Nachdem man sich durch dieses schwerfällige Akademikerdeutsch gearbeitet hat, soll der Leser offenbar zu dem Schluss kommen, dass es verwerflich sei, ein Problem zu benennen und Lösungen anzubieten, für die Menschen freiwillig bezahlen.

Wie soll das ein "Betrug" sein? Man könnte ebenso gut – und mit mehr Berechtigung – viele Gender-Studies-Forscher als Geschäftemacher bezeichnen, die mit erheblichen Steuergeldern und deutlich geringerer faktischer Grundlage eine angebliche Krise - weibliche Opfer und männliche Brutalität – dramatisieren, die andere dann akzeptieren oder zumindest finanzieren müssen.

Content-Produzenten, die ihre Arbeit monetarisieren, stehen im Zentrum der Kritik dieser Studie und werden wiederholt als ausbeuterische Geschäftemacher dargestellt, als "digitale Evangelisten", die Gutgläubige ausnutzen.

Dass niemand gezwungen ist, ihnen Geld zu zahlen, scheint den Ärger der Forscher eher noch zu steigern. Einige der angeblichen Scharlatane werden namentlich genannt: Ryan Holiday, Jordan Peterson, Lex Fridman, David Goggins und Jocko Willink werden wegen ihrer "vereinfachenden, extremen und polarisierenden Inhalte" verurteilt. Ebenfalls im Visier stehen Myron Gaines und Walter Weekes, die Tate-Brüder, Sneako, Pearl Davies, Estee Williams, Hannah Neeleman und Nara Smith.

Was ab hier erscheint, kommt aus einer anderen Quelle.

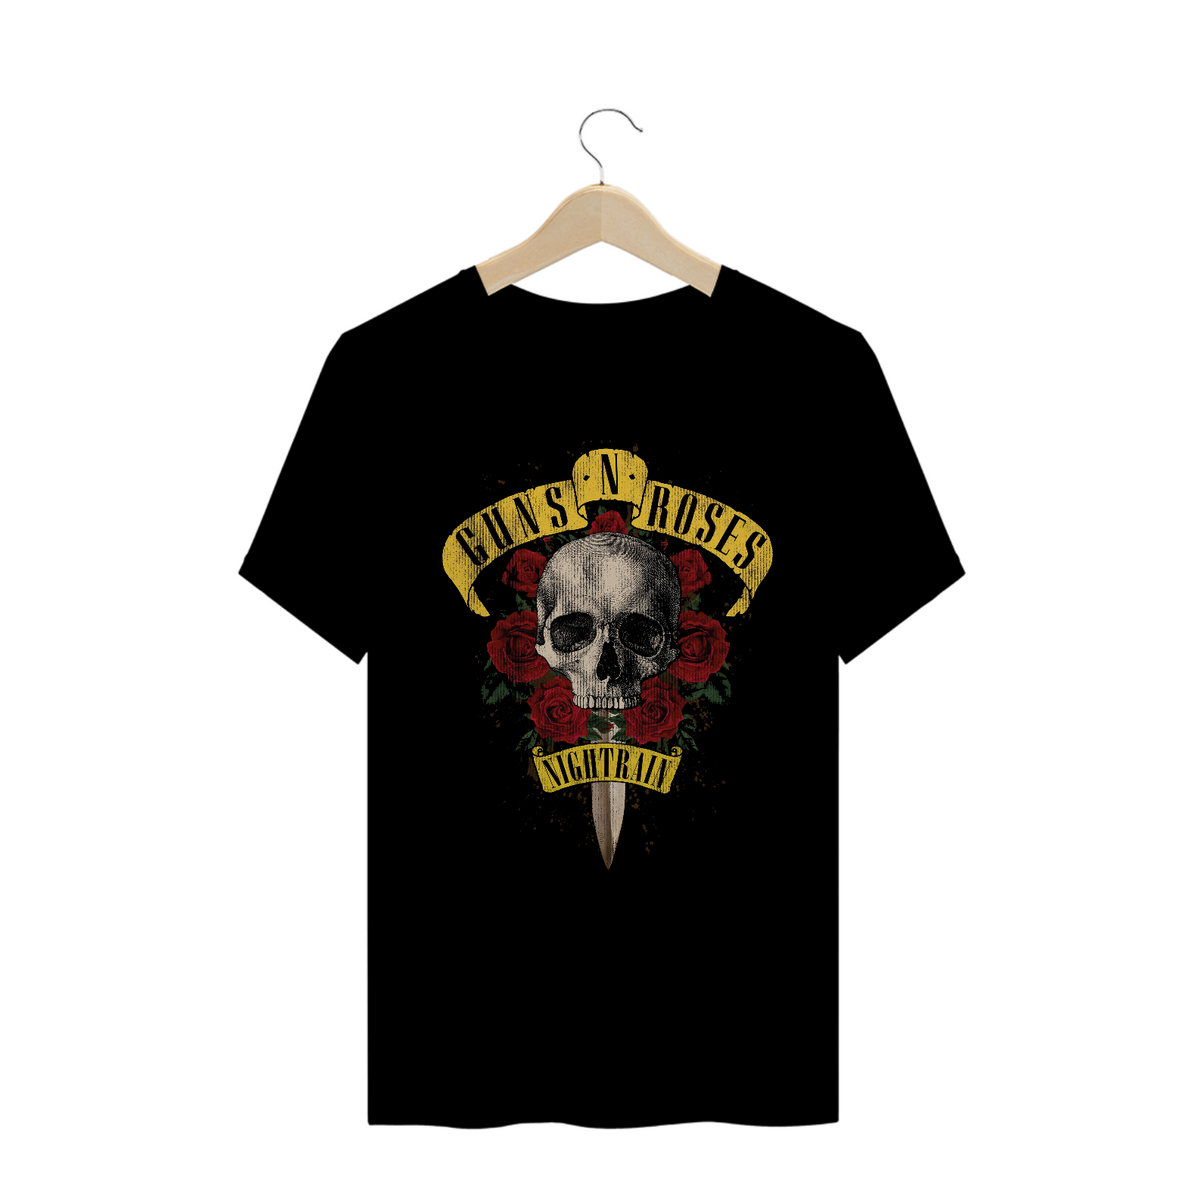 Nome do produto: Camisa Guns N\' Roses - Nightrain Fan Club

Andere werden pauschal kritisiert. "Tradwives" etwa, weil sie "hierarchische und essentialistische Geschlechterbilder aufrechterhalten". Schwarze "Pick-Me"-Frauen, weil sie andere Frauen dazu ermutigten, "Zuflucht im Dienen für ihre Ehemänner zu finden". Schwarze Männer werden kritisiert, wenn sie die traditionelle Familie vertreten und als "homophob und transfeindlich" gelten. Muslimische Content-Produzenten würden angeblich "Stereotype eines patriarchalen, stoischen und intoleranten Islams bedienen".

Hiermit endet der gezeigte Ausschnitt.